The criminal charges against nine of Gov. Andrew Cuomo’s associates is the latest incident in a wave of corruption that has enveloped the State Capitol for the past several years.

When Cuomo first became governor in 2011, he promised to do something about it. So far, he has not been particularly successful.

Cuomo, in his inaugural speech as governor on Jan. 1, 2011, promised that corruption at the Capitol would end and public trust would be restored during his tenure in office.

“We have lost the trust,” Cuomo said. “And we’re not going to get it back until we’ve cleaned up Albany, and there’s real transparency.”

At the time, two former Senate leaders and a former state comptroller had been convicted of fraud and bribery, and a number of rank-and-file lawmakers had been convicted of corruption, and, in one case, assaulting a girlfriend.

Since the governor’s term began, things have only gotten worse.
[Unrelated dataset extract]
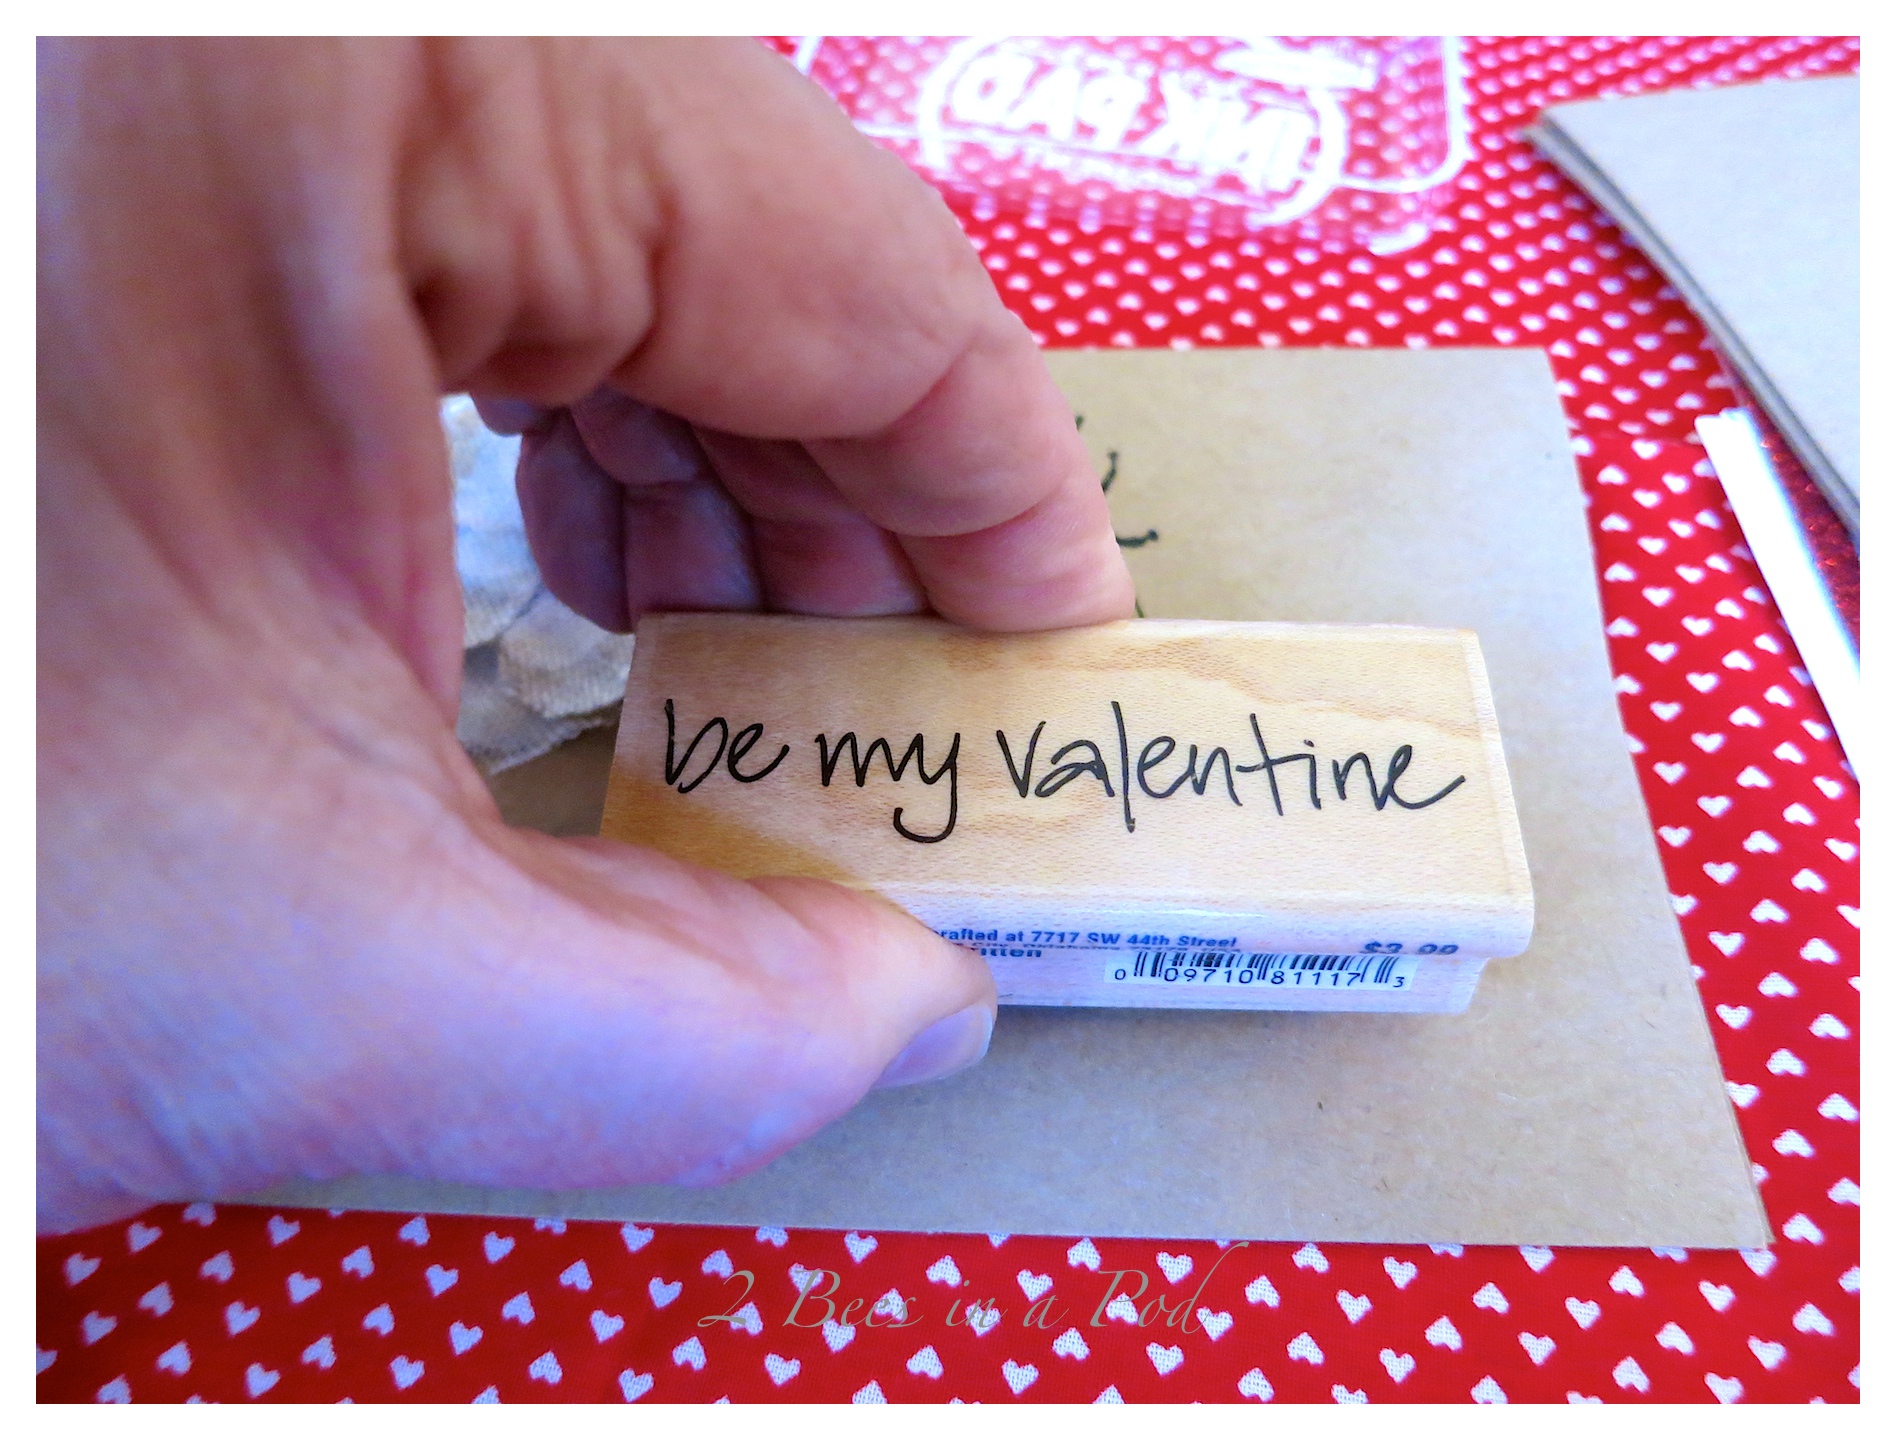 Handmade Valentines - it's fun to play a little and remember when you were a kid making Valentines

Another Senate leader, Dean Skelos, and the former speaker of the Assembly, Sheldon Silver, were convicted of masterminding schemes that defrauded taxpayers of millions of dollars and sentenced to lengthy prison terms.

U.S. Attorney Preet Bharara looked into Cuomo’s handling of a Moreland Act Commission that was supposed to investigate the Legislature, and found no wrongdoing in that instance.
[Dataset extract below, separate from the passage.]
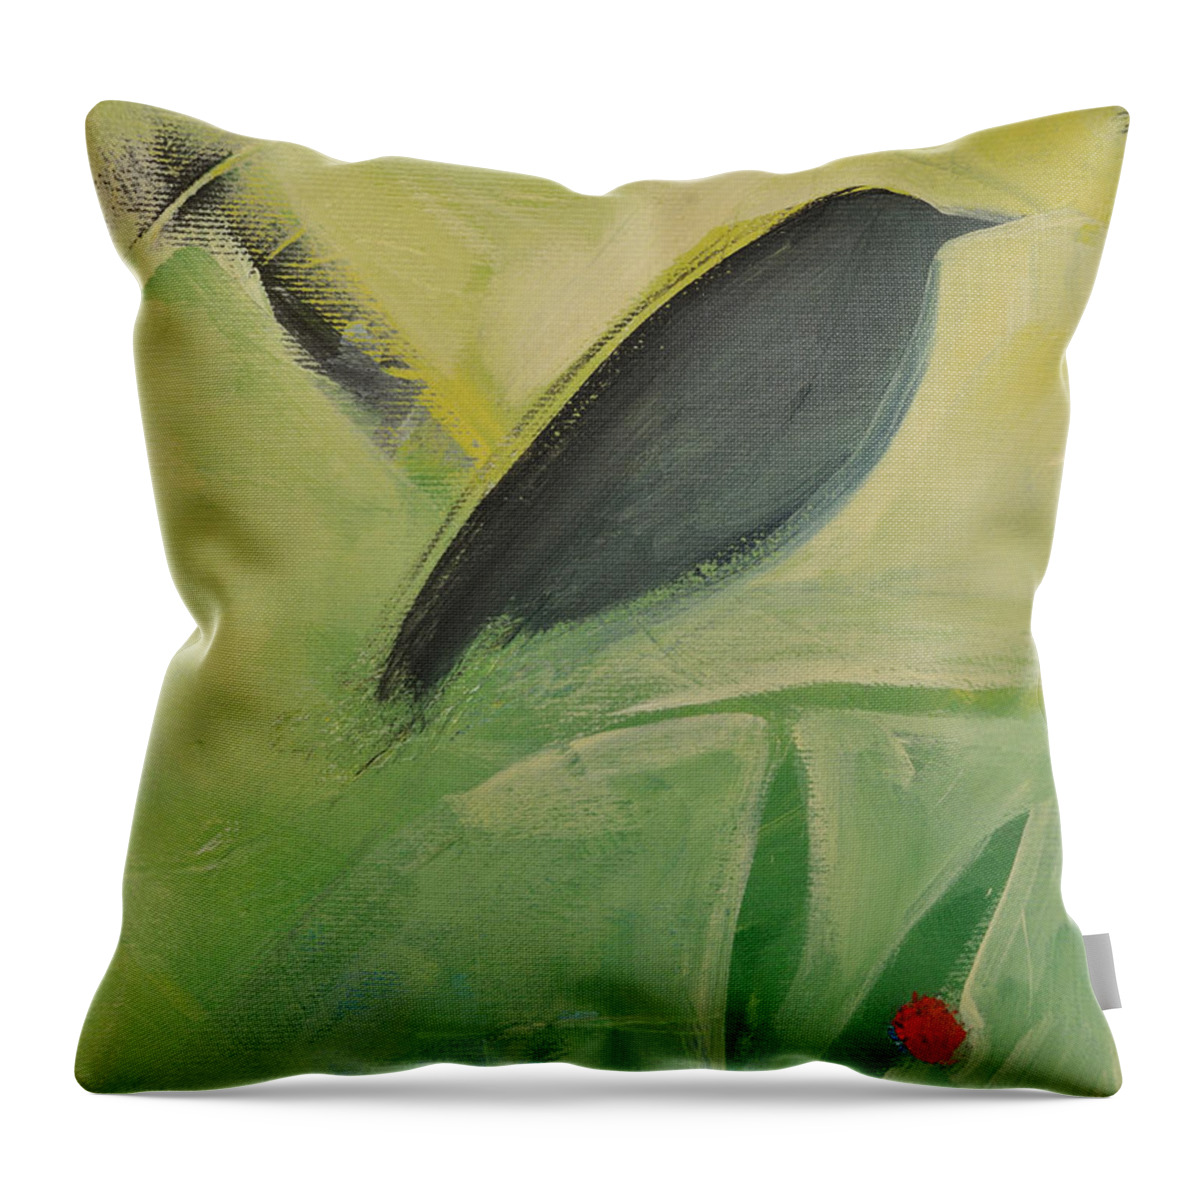 Triptych Throw Pillow featuring the painting Bird and Red Berry a by Tim Nyberg

But the governor’s office had never been implicated until the criminal complaint was issued Thursday against longtime former Cuomo associates Joe Percoco, Todd Howe, SUNY Polytechnic Institute leader Alain Kaloyeros and six others.

Cuomo, appearing at the Albright-Knox Art Gallery in Buffalo one day after the charges were made public, addressed the issue head-on. He said the allegations against his “longtime friend” and former close aide Joe Percoco is “sad” and “truly disappointing.” He said Percoco started working for his father, the late former Gov. Mario Cuomo, when Percoco was just 19.

“It’s the first time since we lost my father that I didn’t miss him being here yesterday because it would have broken his heart,” Cuomo said.

Cuomo said he will cooperate with the U.S. Attorney to make sure wrongdoers are punished severely.

The governor regarded the incident as the failings of a few individuals, not an indictment of the system. And he announced that the upstate economic development projects headed by Kaloyeros — who has been suspended without pay — will continue under Empire State Development Chair Howard Zemsky. He said Zemsky will take steps to ensure that there is no more corruption.

Blair Horner, with the New York Public Interest Research Group and a longtime reform advocate, said it’s the system that needs to be fixed.

He said some of the governor’s top aides and allies viewed the economic development and energy policies “as a gold rush, where they were supposed to make themselves wealthy.”

Horner said more transparency about the bidding process would prevent a few insiders from gaming the process.

“It’s the culture of secrecy,” Horner said. “Basically the governor has an honor system with a very small number of top aides.”

Cuomo, despite his pledge when he began as governor, has not achieved any big changes in ethics reform. He set up a new ethics commission, which has been widely criticized as flawed and secretive. He has proposed public campaign financing several times but has not been able to convince the Legislature to pass it.

Horner said it’s time for Cuomo to try again.

“It should move ethics to the governor’s No. 1 priority for next year,” he said.

But the governor, with a stain now on his own administration, will be in a weakened position to seek any changes.